■ The data
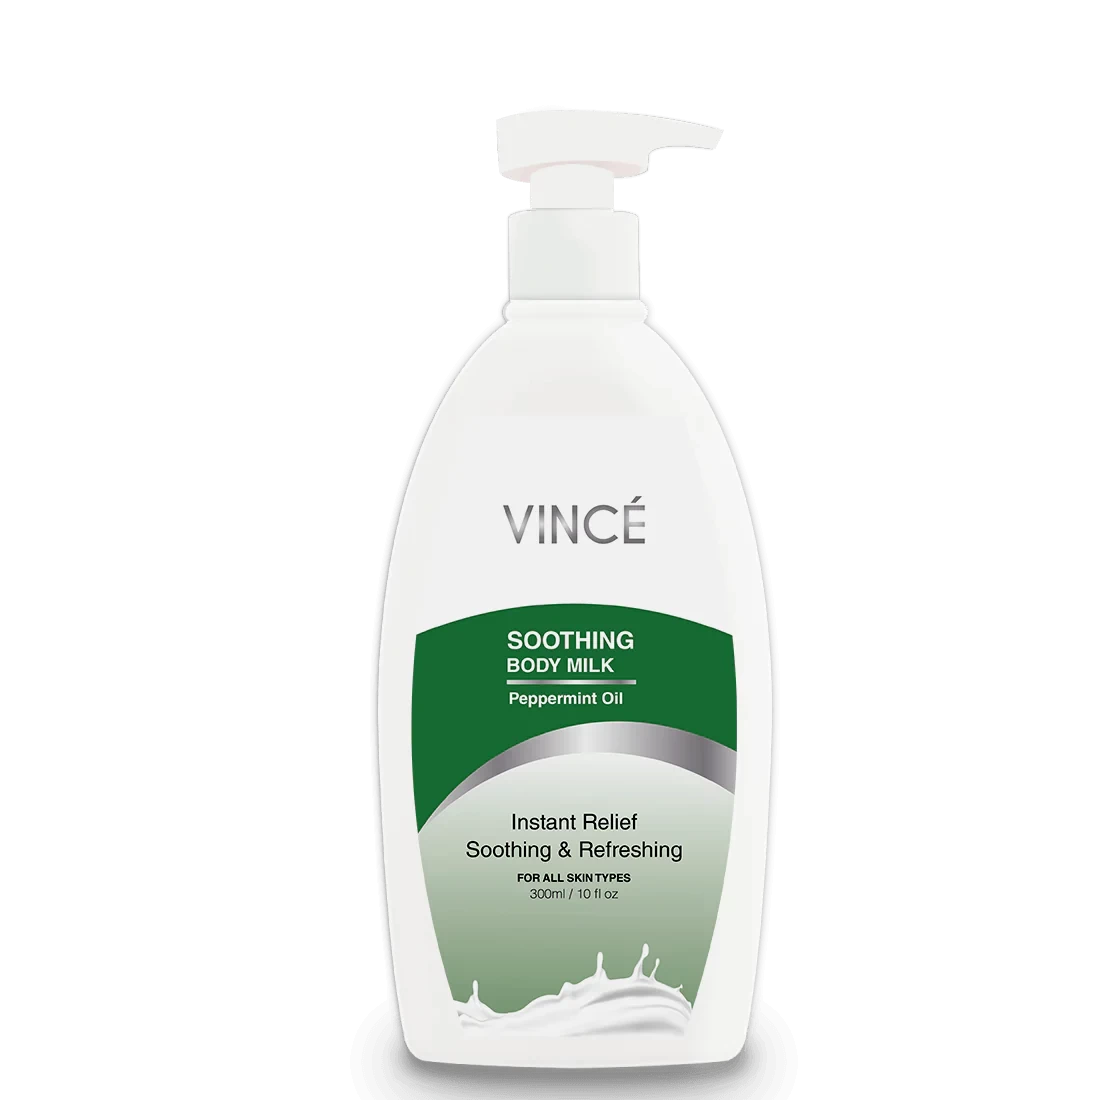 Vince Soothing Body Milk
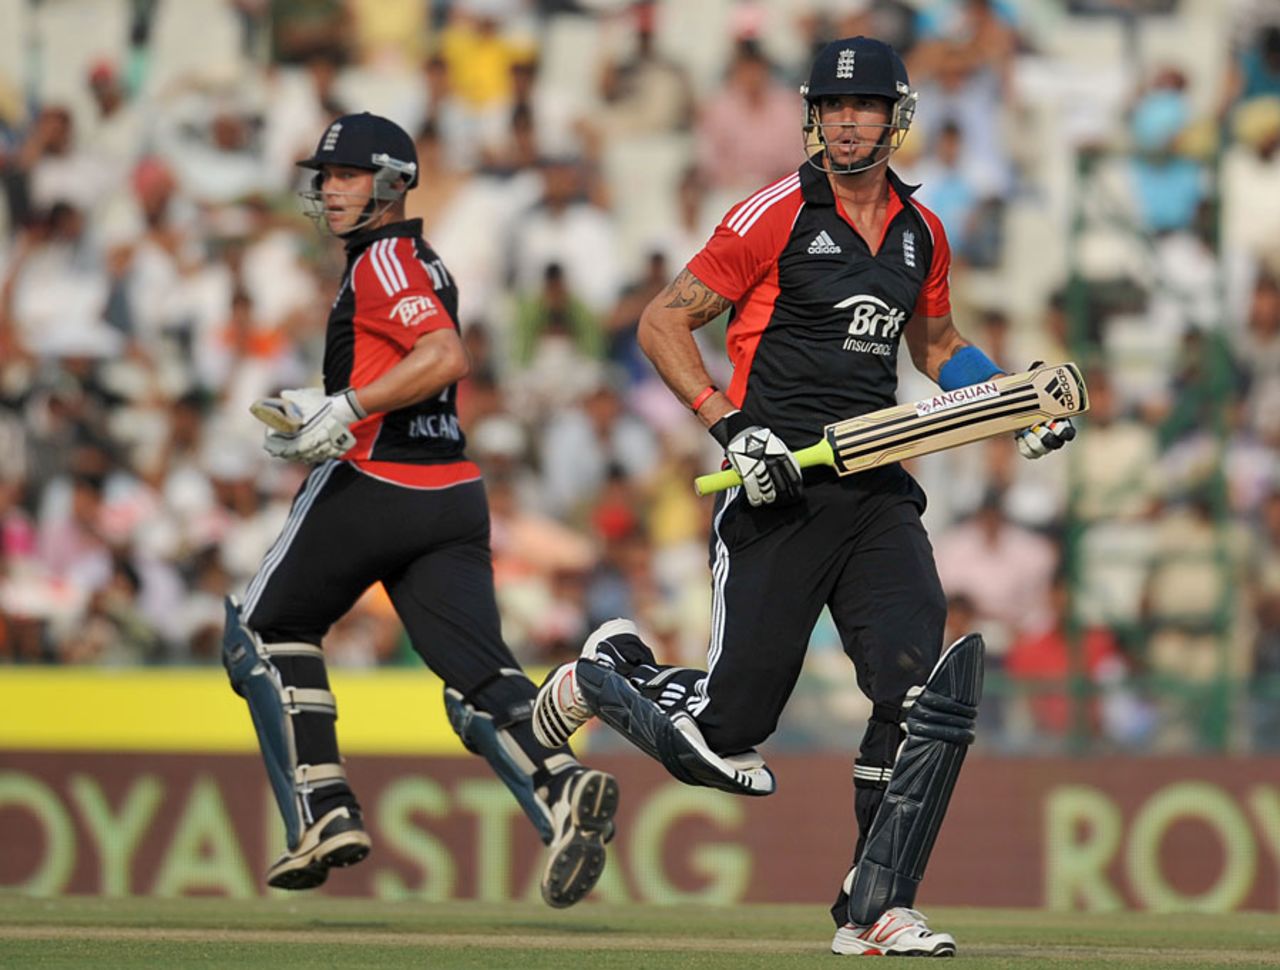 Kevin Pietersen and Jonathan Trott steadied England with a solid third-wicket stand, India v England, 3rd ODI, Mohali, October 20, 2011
...
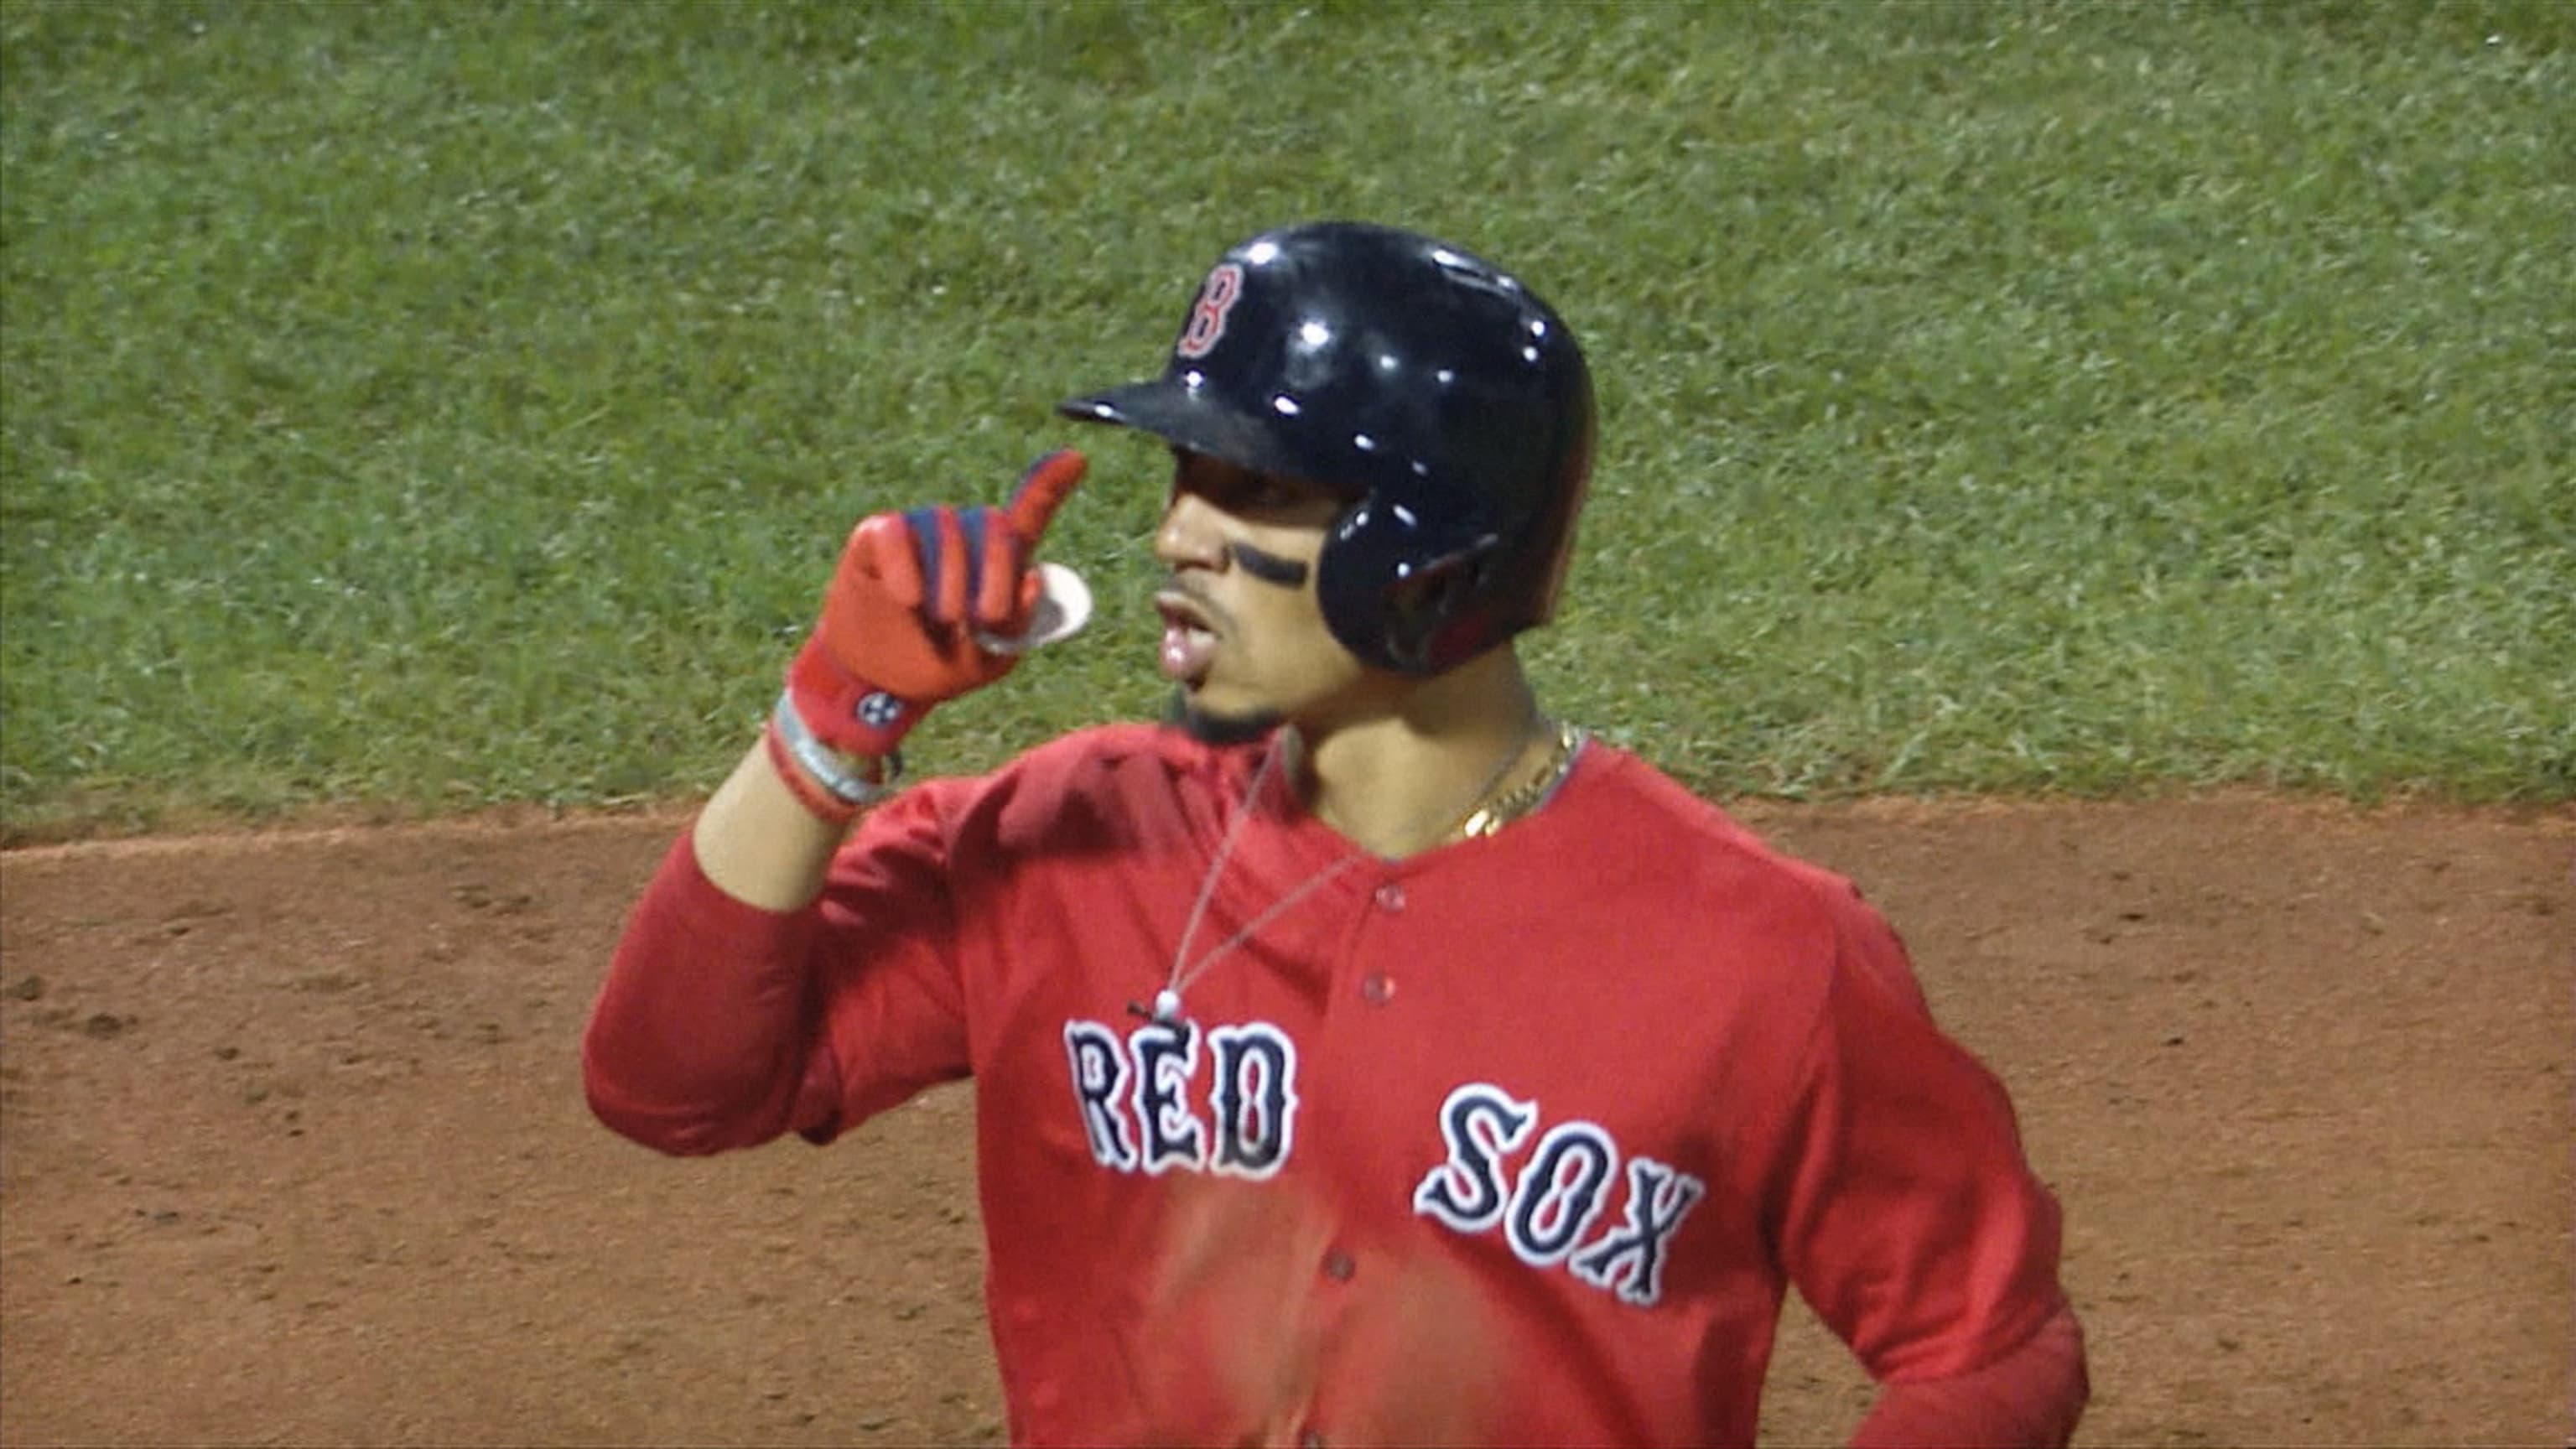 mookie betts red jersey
...
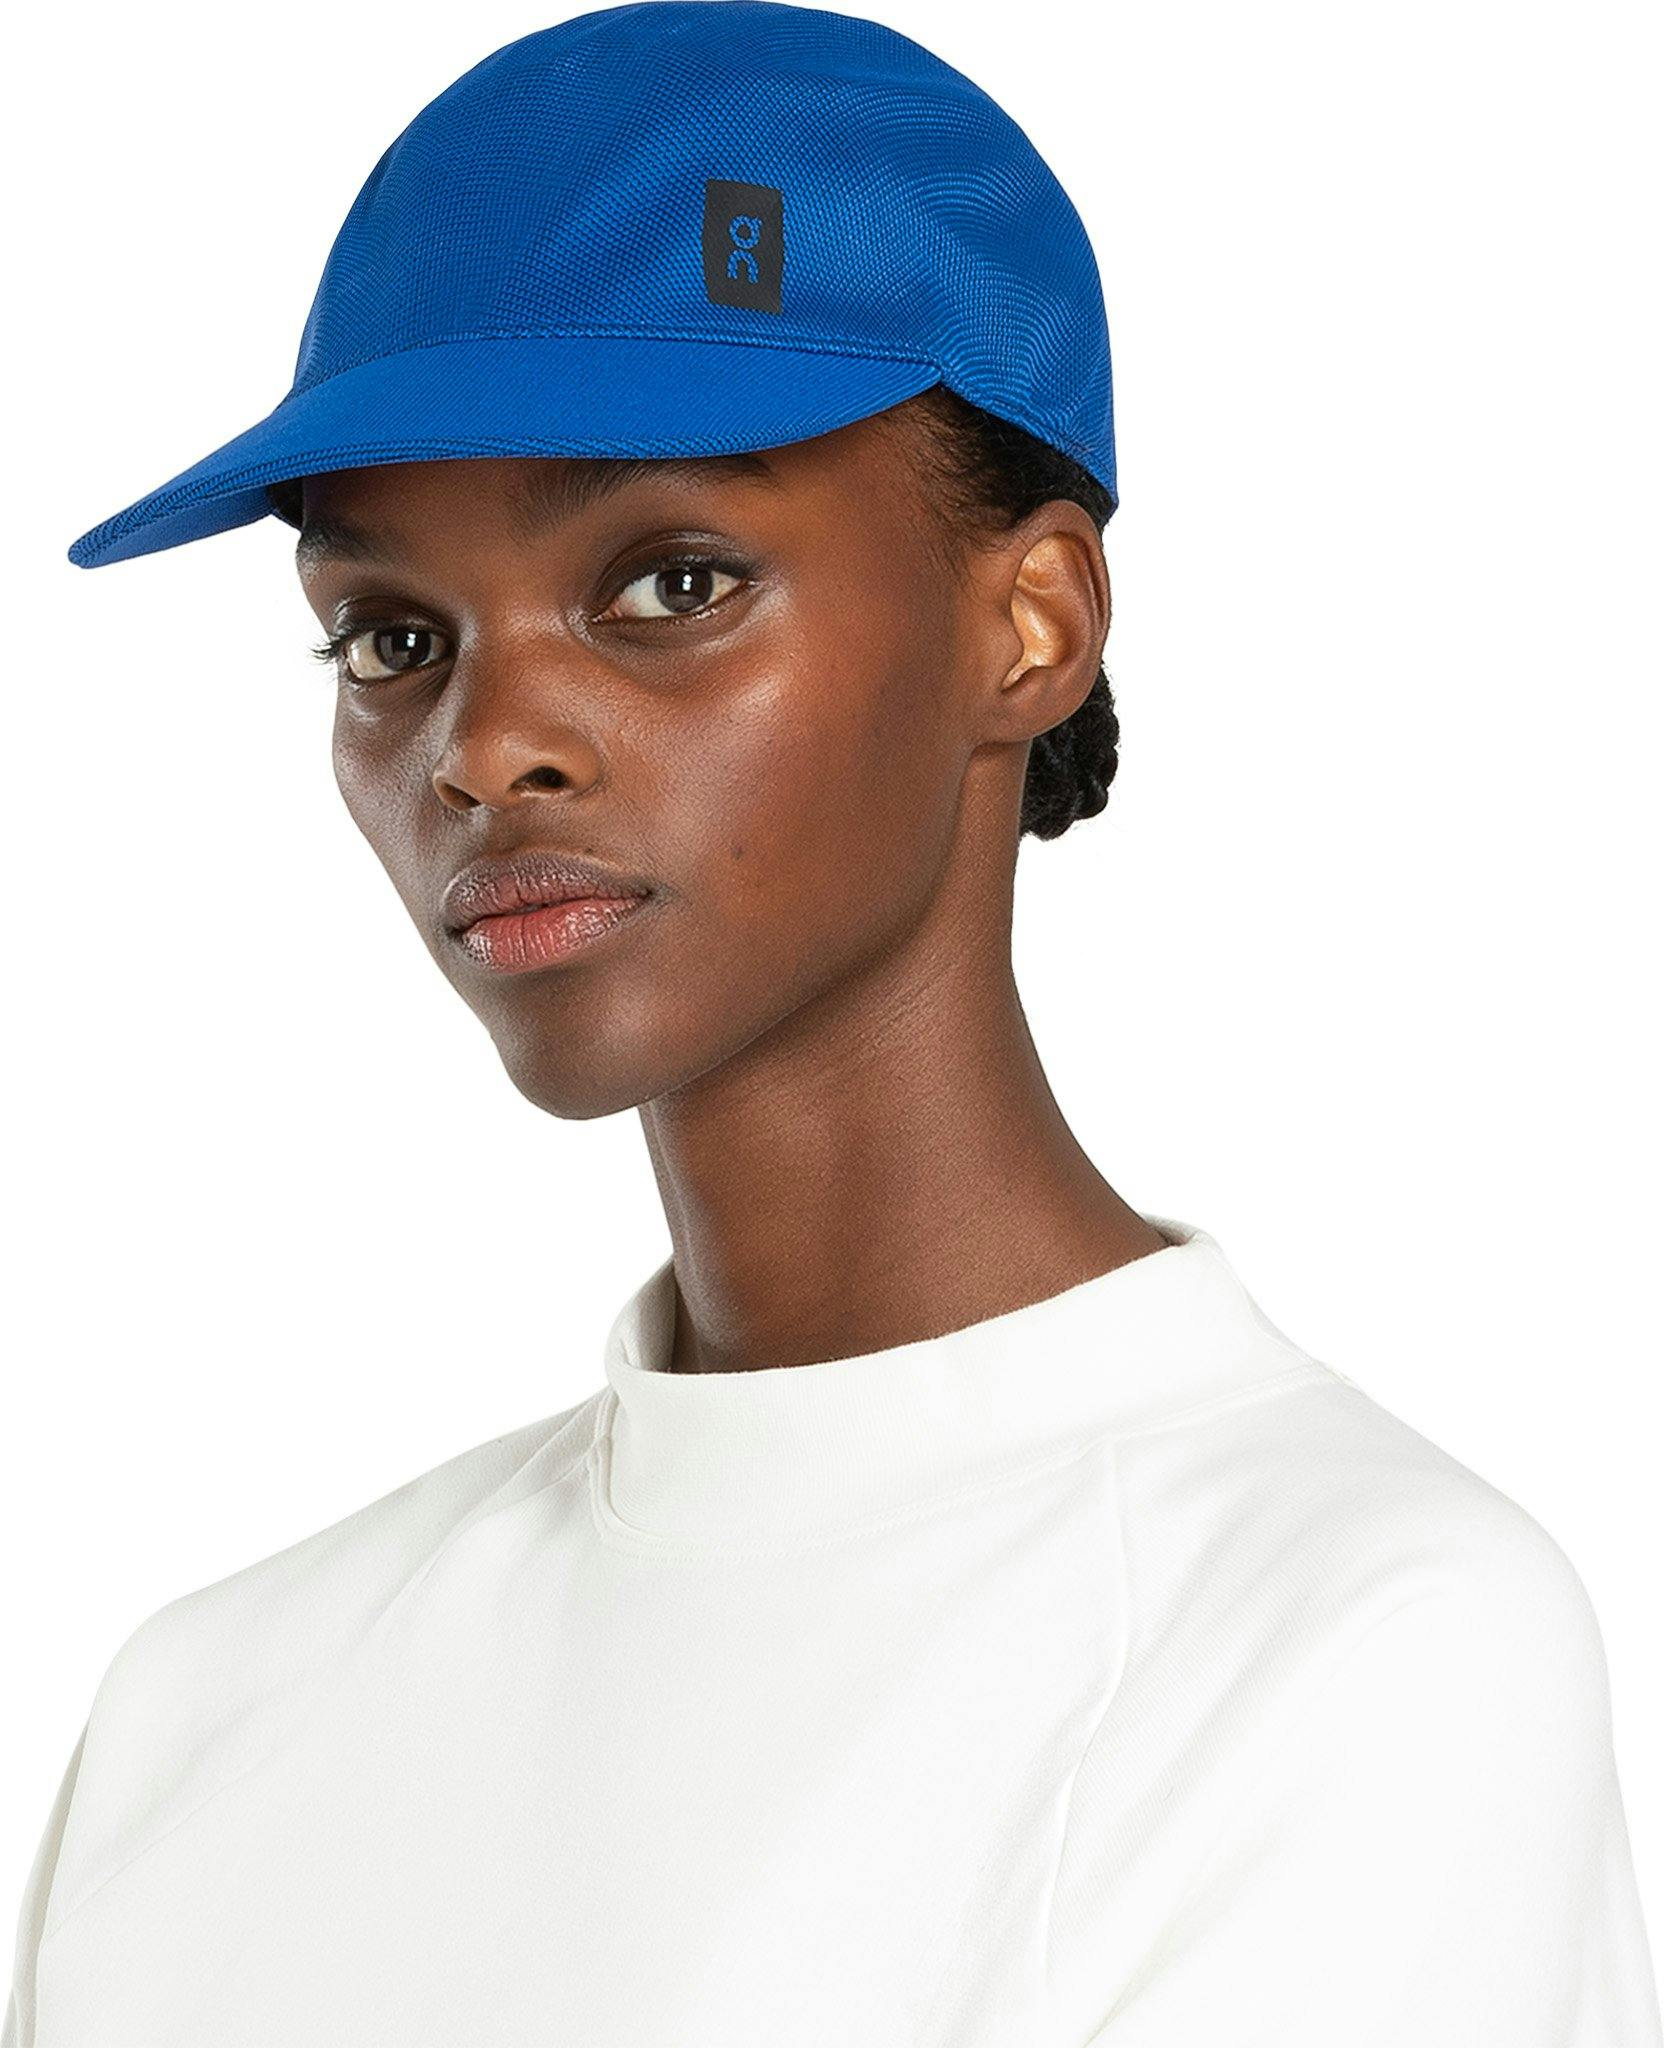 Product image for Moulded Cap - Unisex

■ Exercise
While skipping the pictures, transcribe the data above from the line showing "Vince Soothing Body Milk" through the line showing "Kevin Pietersen and", exactly and with both ends.

■ Output for this exercise
 Vince Soothing Body Milk
 Kevin Pietersen and Jonathan Trott steadied England with a solid third-wicket stand, India v England, 3rd ODI, Mohali, October 20, 2011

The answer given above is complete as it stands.